Wśród sygnatariuszy listu Authors Guild, najważniejszego stowarzyszenia autorów w USA, jest też najbardziej znana kanadyjska autorka, Margaret Atwood. Atwood, a także autorzy tacy jak m.in. Dan Brown, Nora Robers, Jodi Picoult, Michael Pollan, zwrócili się do firm: Open AI, Meta, Alphabet, Stability AI, IBM, Microsoft i innych podmiotów oferujących usługi bazujące na sztucznej inteligencji, wskazując, że AI posługuje się istniejącymi książkami, ale autorzy nie otrzymują z tego tytułu żadnych wynagrodzeń.
„Technologie AI w olbrzymim stopniu bazują na języku autorów, opowiadanych historiach, stylu i pomysłach. Miliony chronionych prawami autorskimi książek, artykułów, esejów i poezji służą jako baza systemów AI, ale autorzy nie otrzymują żadnego wynagrodzenia z tego tytułu” - napisano w liście.
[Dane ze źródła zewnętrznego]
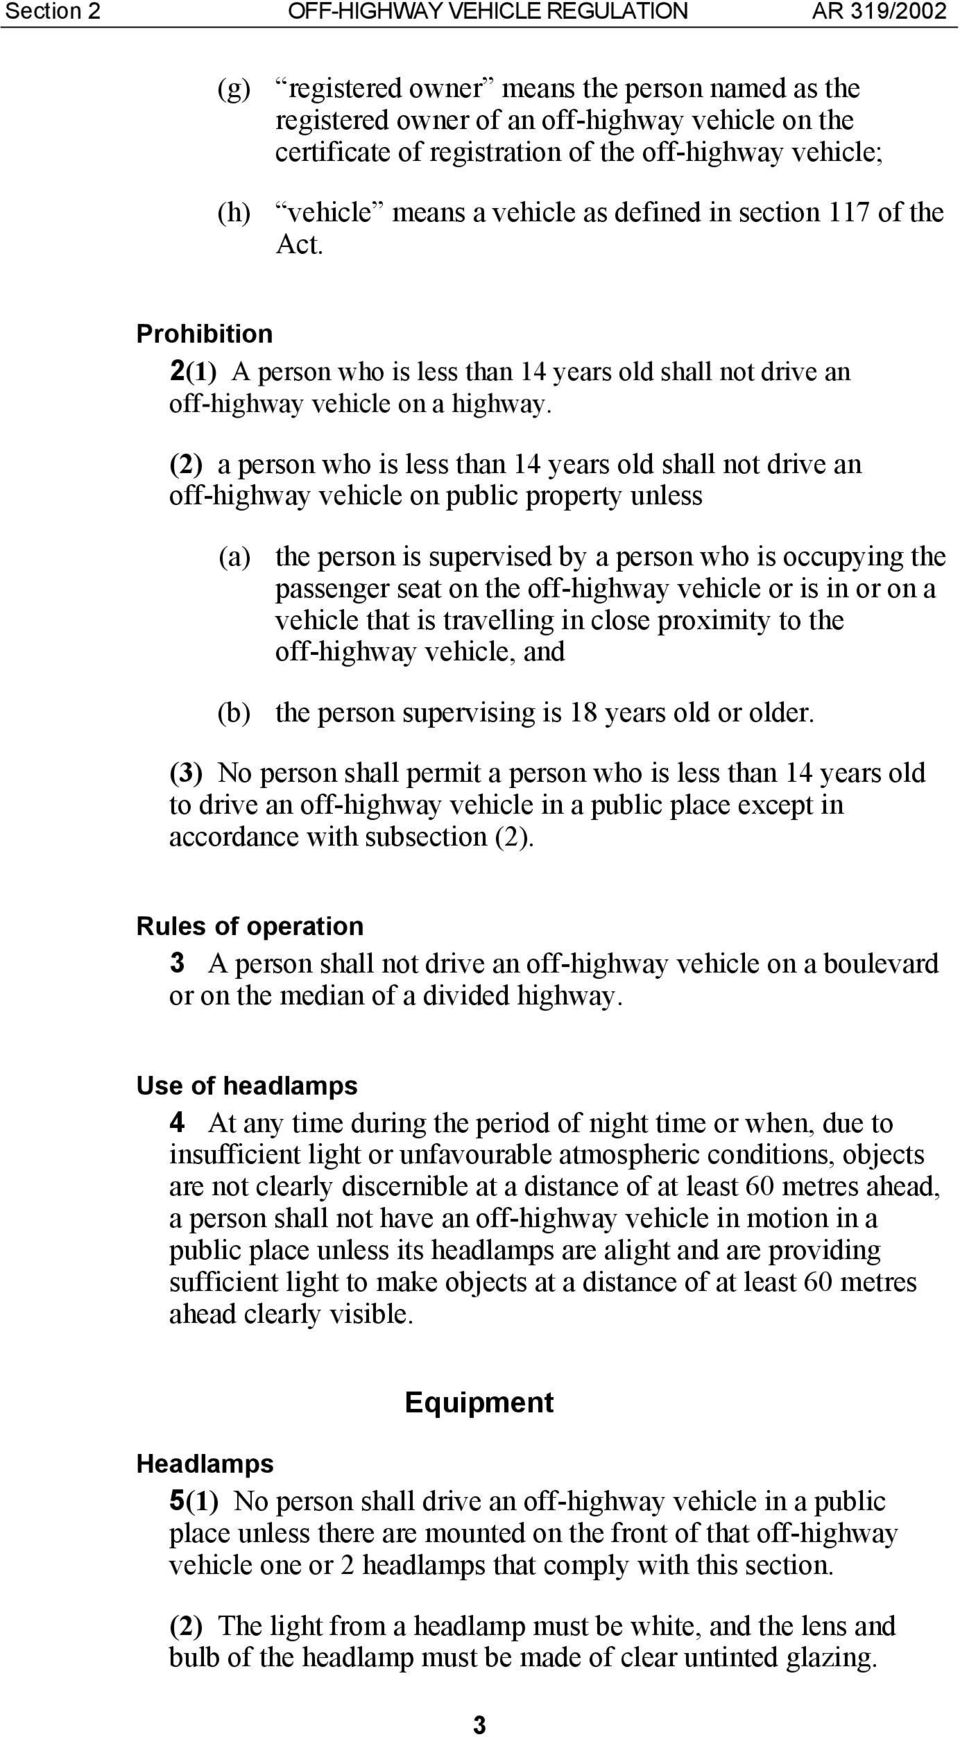 (2) a person who is less than 14 years old shall not drive an off-highway vehicle on public property unless (a) the person is supervised by a person who is occupying the passenger seat on the

„Potencjał zalania rynku przez mierne, maszynowo tworzone książki, opowieści i dziennikarstwo, bazujące na oryginalnej twórczości autorów, stanowi istotne zagrożenie dla zawodów związanych z pisaniem” - przekazano w liście, podkreślając, że większość książek użytych do „treningu” AI pochodzi z pirackich stron internetowych.
Zgoda i zapłata
Authors Guild domaga się, by firmy korzystające z AI musiały uzyskać zezwolenie autorów przed użyciem ich pracy i wypłacać wynagrodzenie, w tym za wykorzystane już książki. W czerwcu br. szefowie organizacji autorów spotkali się z przedstawicielami amerykańskiego Kongresu, omawiając m.in. sprawę ochrony praw autorskich, a także możliwości oznaczania tekstów jako wygenerowanych przez AI.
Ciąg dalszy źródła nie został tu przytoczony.